**YOUR TASK**
Check each line below for the word "WHITE" and give the count alone.

**SOURCE MATERIAL**
--

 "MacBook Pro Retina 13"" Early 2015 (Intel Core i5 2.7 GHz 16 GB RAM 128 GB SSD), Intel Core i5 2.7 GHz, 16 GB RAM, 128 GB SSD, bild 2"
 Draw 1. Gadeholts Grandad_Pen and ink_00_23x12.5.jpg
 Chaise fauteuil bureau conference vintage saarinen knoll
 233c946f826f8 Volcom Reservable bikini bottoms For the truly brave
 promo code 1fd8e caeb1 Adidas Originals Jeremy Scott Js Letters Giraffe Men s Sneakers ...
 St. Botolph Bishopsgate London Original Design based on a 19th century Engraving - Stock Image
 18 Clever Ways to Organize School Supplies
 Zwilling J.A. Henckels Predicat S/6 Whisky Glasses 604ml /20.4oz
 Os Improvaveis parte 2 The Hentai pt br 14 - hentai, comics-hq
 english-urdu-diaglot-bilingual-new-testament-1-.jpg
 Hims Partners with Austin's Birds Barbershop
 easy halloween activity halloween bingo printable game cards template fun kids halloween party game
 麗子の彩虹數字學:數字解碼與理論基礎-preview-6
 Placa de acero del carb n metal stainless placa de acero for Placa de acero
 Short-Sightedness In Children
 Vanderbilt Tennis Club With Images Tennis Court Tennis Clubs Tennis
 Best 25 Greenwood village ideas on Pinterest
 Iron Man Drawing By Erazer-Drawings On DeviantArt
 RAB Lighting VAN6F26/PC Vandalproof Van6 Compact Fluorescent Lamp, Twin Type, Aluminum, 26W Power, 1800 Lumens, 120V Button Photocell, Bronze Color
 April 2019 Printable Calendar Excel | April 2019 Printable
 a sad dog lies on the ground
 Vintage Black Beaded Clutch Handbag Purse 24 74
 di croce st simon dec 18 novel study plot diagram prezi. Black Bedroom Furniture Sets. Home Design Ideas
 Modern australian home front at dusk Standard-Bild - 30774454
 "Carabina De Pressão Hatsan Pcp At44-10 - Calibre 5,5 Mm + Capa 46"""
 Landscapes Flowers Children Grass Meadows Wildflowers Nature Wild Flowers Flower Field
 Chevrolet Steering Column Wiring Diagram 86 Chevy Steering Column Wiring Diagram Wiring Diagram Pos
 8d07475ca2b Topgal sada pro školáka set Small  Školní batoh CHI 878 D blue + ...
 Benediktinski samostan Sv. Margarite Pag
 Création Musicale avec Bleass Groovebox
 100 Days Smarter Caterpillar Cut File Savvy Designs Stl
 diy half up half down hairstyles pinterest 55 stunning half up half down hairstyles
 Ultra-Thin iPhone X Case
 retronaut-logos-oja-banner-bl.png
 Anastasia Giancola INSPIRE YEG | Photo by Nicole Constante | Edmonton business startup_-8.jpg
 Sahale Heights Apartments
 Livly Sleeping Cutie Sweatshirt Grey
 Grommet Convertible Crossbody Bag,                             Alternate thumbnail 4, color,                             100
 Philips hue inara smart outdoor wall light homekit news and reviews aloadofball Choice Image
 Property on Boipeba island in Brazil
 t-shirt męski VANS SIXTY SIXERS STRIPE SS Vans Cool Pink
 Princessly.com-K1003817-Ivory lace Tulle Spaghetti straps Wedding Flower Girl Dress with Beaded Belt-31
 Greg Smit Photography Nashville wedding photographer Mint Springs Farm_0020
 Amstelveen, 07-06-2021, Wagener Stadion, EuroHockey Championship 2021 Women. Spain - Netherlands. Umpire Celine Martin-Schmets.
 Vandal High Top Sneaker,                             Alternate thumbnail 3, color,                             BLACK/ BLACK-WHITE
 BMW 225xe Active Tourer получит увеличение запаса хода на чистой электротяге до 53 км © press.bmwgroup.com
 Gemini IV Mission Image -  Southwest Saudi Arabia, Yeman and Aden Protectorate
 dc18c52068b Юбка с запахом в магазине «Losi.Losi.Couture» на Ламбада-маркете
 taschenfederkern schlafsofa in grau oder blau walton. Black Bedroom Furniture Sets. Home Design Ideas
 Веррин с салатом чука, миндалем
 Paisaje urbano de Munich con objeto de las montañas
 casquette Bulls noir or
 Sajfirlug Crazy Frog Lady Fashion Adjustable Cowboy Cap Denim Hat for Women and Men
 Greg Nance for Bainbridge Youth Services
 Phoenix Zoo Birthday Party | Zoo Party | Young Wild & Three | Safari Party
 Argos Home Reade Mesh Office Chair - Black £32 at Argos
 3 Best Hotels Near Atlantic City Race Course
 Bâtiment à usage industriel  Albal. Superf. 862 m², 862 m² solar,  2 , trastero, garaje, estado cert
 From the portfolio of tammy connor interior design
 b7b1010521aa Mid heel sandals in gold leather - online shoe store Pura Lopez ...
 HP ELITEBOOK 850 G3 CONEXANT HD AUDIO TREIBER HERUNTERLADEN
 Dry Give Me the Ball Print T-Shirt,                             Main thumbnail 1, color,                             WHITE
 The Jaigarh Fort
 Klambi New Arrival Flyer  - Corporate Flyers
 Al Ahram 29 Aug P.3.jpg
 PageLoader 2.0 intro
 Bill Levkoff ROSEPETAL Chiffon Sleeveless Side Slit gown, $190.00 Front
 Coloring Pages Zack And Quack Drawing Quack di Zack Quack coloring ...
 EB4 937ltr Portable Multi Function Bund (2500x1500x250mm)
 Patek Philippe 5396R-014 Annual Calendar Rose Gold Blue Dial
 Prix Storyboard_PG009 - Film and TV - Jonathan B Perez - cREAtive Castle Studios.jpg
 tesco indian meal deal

--

**TASK RESPONSE**
2